Now construct a partition of $[0,1]$ as follows: Let a partition $P_n=\left\{x_i\right\}~0\leqslant x\leqslant n$ of $[0,1]$ posses the following charcteristics $x_0=a$, $x_n=b$, and $x_i\not\in\mathbb{Q}~~1\leqslant i\leqslant n-1$. Now it is clear that we must have $2\sum_{i} \mathcal{O}_{\varphi}\left(x_i\right)=1$.

So now it is obvious that we can make the $2^n$ in $\frac{a}{2^n}$ as big as we want by making $\varphi$ as small as we want, so we can make $M_i=\sup_{[x_{i-1},x_i]}~f$ similarly as small as we want. Finally we can make $\sup_{i}\left(M_i\right)$ as small as we want.

Now let $\delta$ be a number such that $\varphi<\delta\implies \sup_{i}\left(M_i\right)\left(\alpha(b)-\alpha(a)\right)<\varepsilon$. Choose a partition of $[0,1]$ such that $\max\left\{\varphi\right\}<\delta$. Let $\sup_{i}\left(M_i\right)=M$, then

\begin{aligned}U\left(P,f,\alpha\right)&=\sum_{i=1 }^{n}M_i\cdot\Delta \alpha_i\\
&\leqslant M\sum_{i=1}^{n}\Delta\alpha_i\\
&=M\left(\alpha(b)-\alpha(a)\right)\\
&<\varepsilon\end{aligned}
.

This proves integrability of $f$. Now to find the value just note that since it is integrable that $\int_0^1 f~d\alpha=\sup_{P}L\left(P,f,\alpha\right)=0$

Sorry if that is really far off.

2. Originally Posted by Mathstud28
My book gave this as an excercise and I did it with a method similar to one given as an example, but I am curious of this alternate method will work. Forgive me if the proof is incoherent or just is wrong, I haven't slept in two days (long story).

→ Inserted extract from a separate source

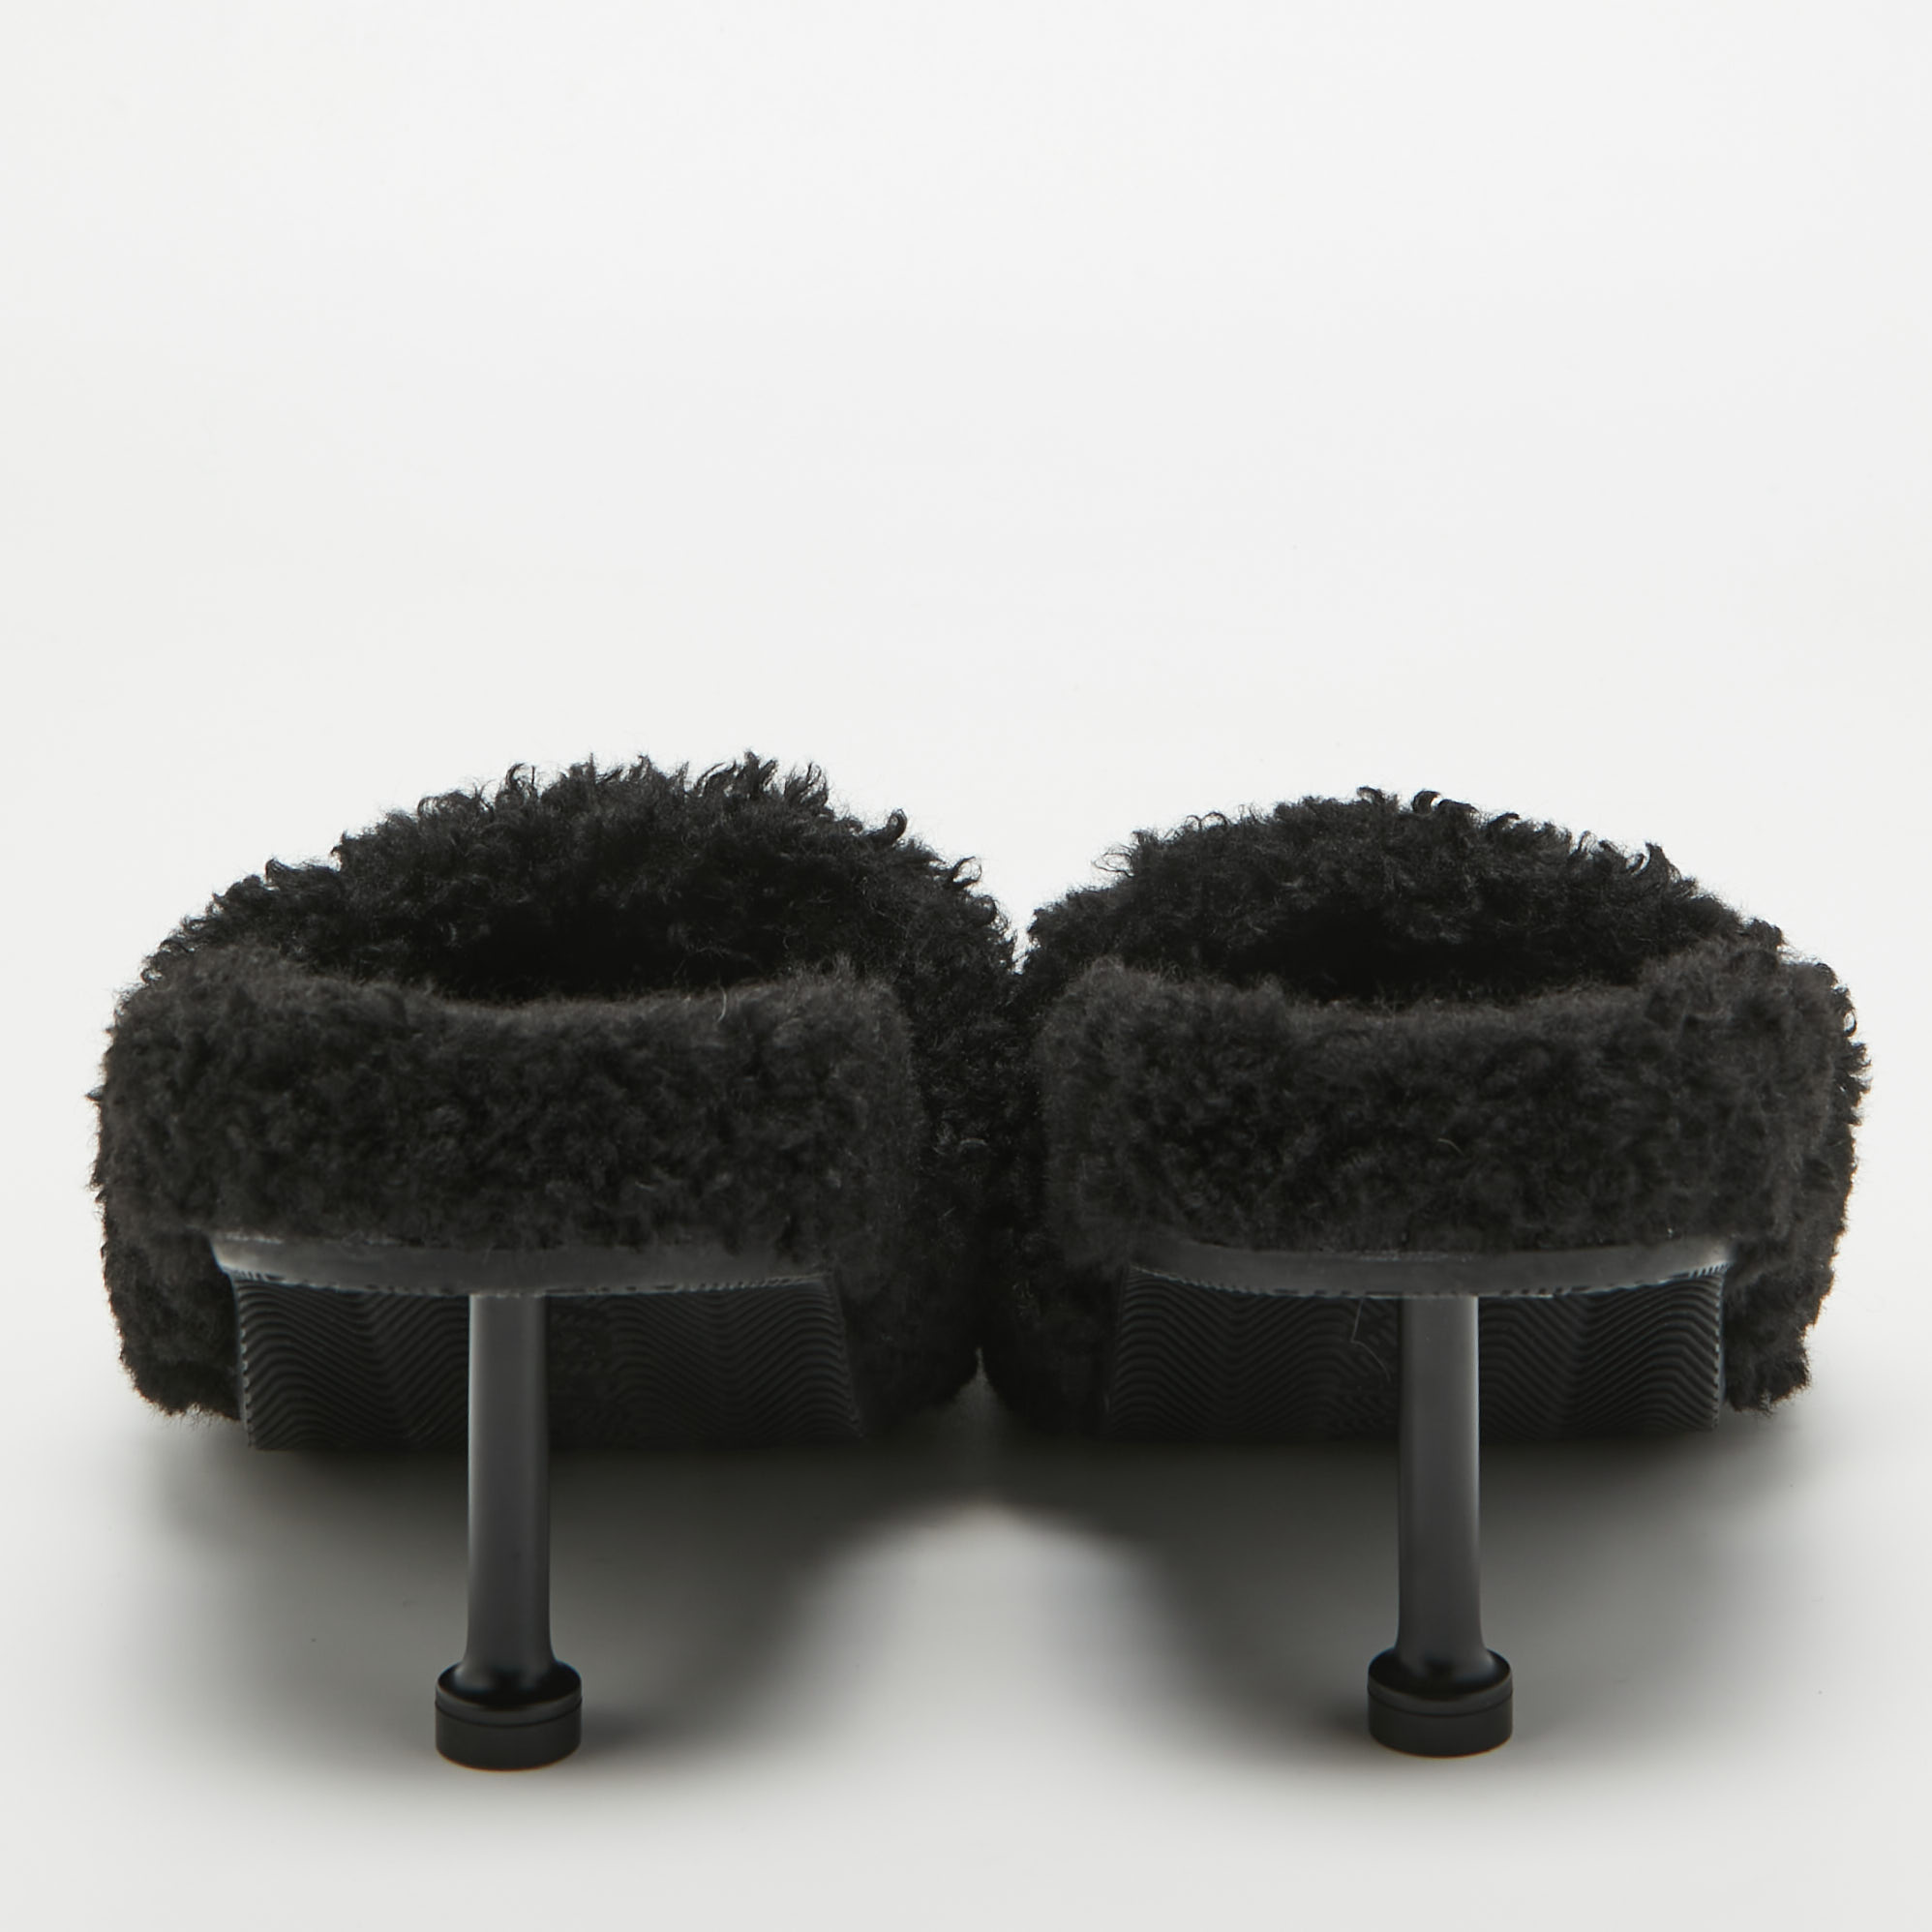 Balenciaga Black Faux Shearling Fur Furry Slide Sandals Size 36

Question: Let $f:x\longmapsto\left\{ \begin{array}{rcl} \frac{1}{2^n} & \mbox{if} & x=\frac{a}{2^n}~~a,n\in\mathbb{N}~2\not| a\\ 0 & \mbox{if} & \text{otherwise} \end{array}\right.$. Is $f\in\mathfrak{R}(\alpha)$ on $[0,1]$ and if so what is the value of $\int_0^1 f~d\alpha$

Notation: For my sake let $S=\left\{x:\frac{a}{2^n}~~a,n\in\mathbb{N}~2\not| a\right\}$

Answer: By definition we must show that $\forall \varepsilon>0$ there exists a partition $P$ of $[0,1]$ such that $U\left(P,f,\alpha\right)-L\left(P,f,\alpha\right)<\varepsilon~~{\color{red} (*)}$. Now it is clear that since on any interval $[x_{i-1},x_i]$ there exists values of $x$ such that $x\not\in S$, so consequently $m_i=\inf_{[x_{i-1},x_i]}~f=0$ which in turn implies that for any partiton $L\left(P,f,\alpha\right)=\sum_{i=1}^{n}m_i\cdot \Delta \alpha_i=0$. This realization enables to prove $\color{red}(*)$ by proving that $U\left(P,f,\alpha\right)<\varepsilon$.

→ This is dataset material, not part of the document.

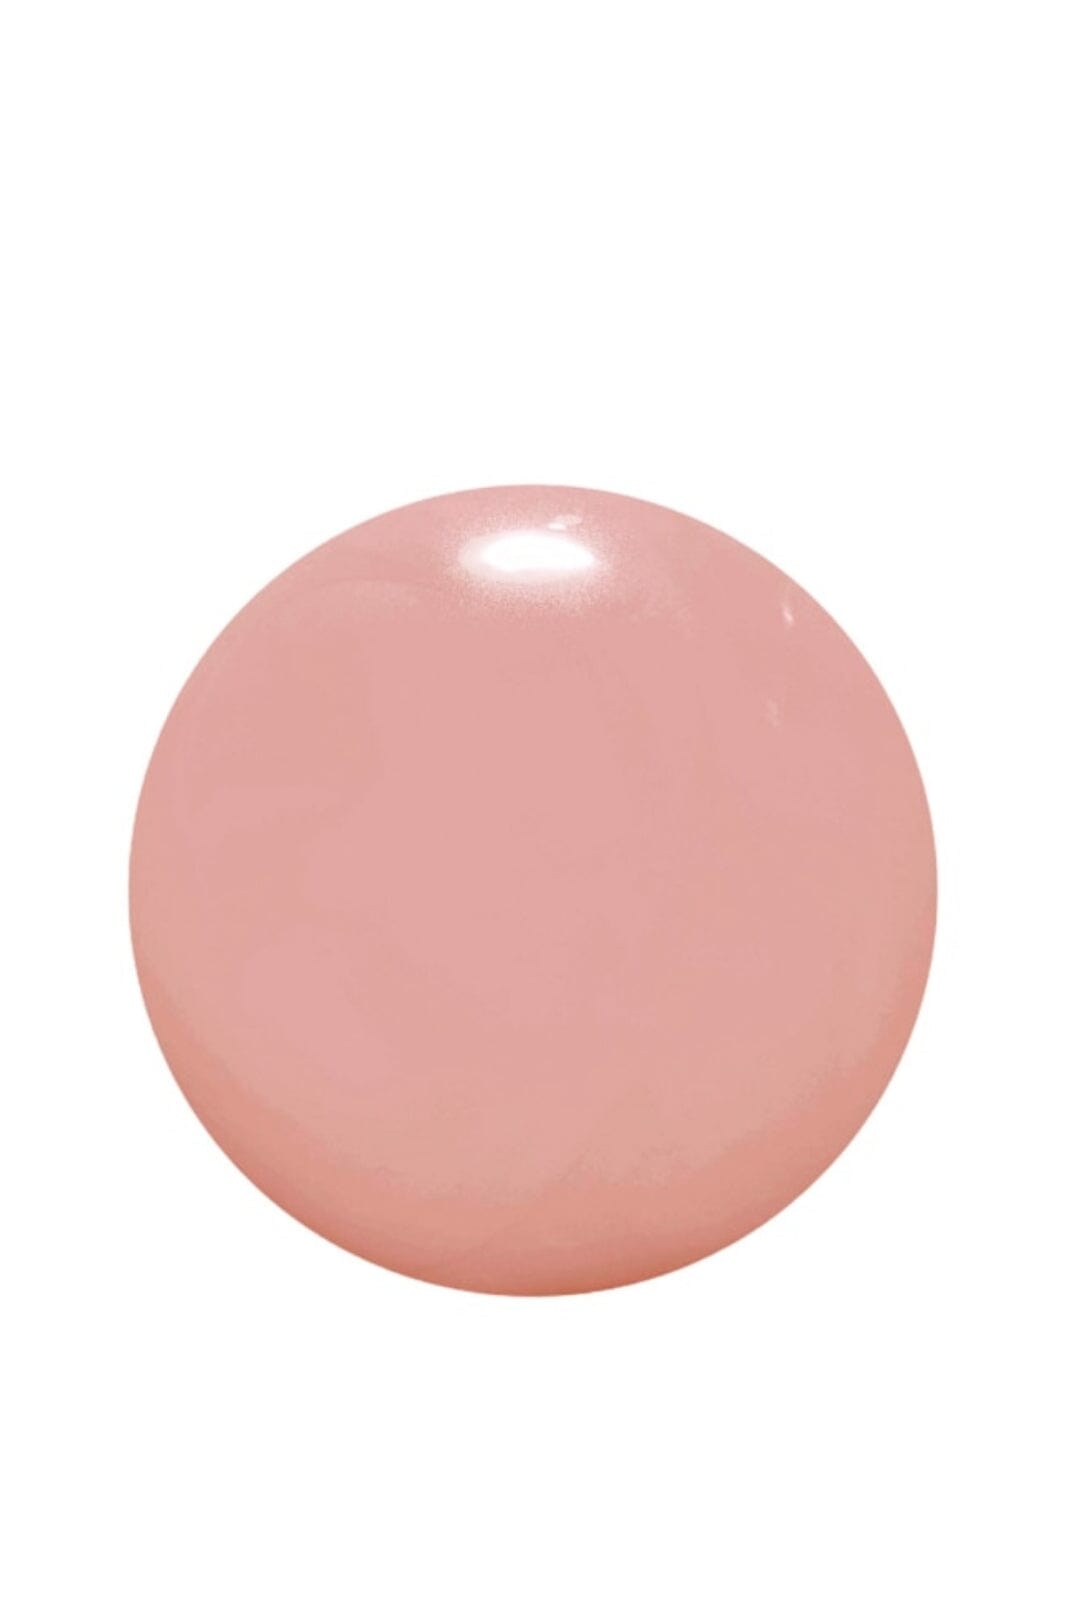 Nailberry - Flapper - Oxygenated Dusty Pink Neglelak

To do this we must merely construct our partition carefully. Before we do this let me establish some "new" notation.

Define $\mathcal{O}_{\varphi}\left(x_i\right)$ as being a neighborhood of radius $\varphi$ around $x_i$

Now construct a partition of $[0,1]$ as follows: Let a partition $P_n=\left\{x_i\right\}~0\leqslant x\leqslant n$ of $[0,1]$ posses the following charcteristics $x_0=a$, $x_n=b$, and $x_i\not\in\mathbb{Q}~~1\leqslant i\leqslant n-1$. Now it is clear that we must have $2\sum_{i} \mathcal{O}_{\varphi}\left(x_i\right)=1$.

So now it is obvious that we can make the $2^n$ in $\frac{a}{2^n}$ as big as we want by making $\varphi$ as small as we want, so we can make $M_i=\sup_{[x_{i-1},x_i]}~f$ similarly as small as we want. Finally we can make $\sup_{i}\left(M_i\right)$ as small as we want.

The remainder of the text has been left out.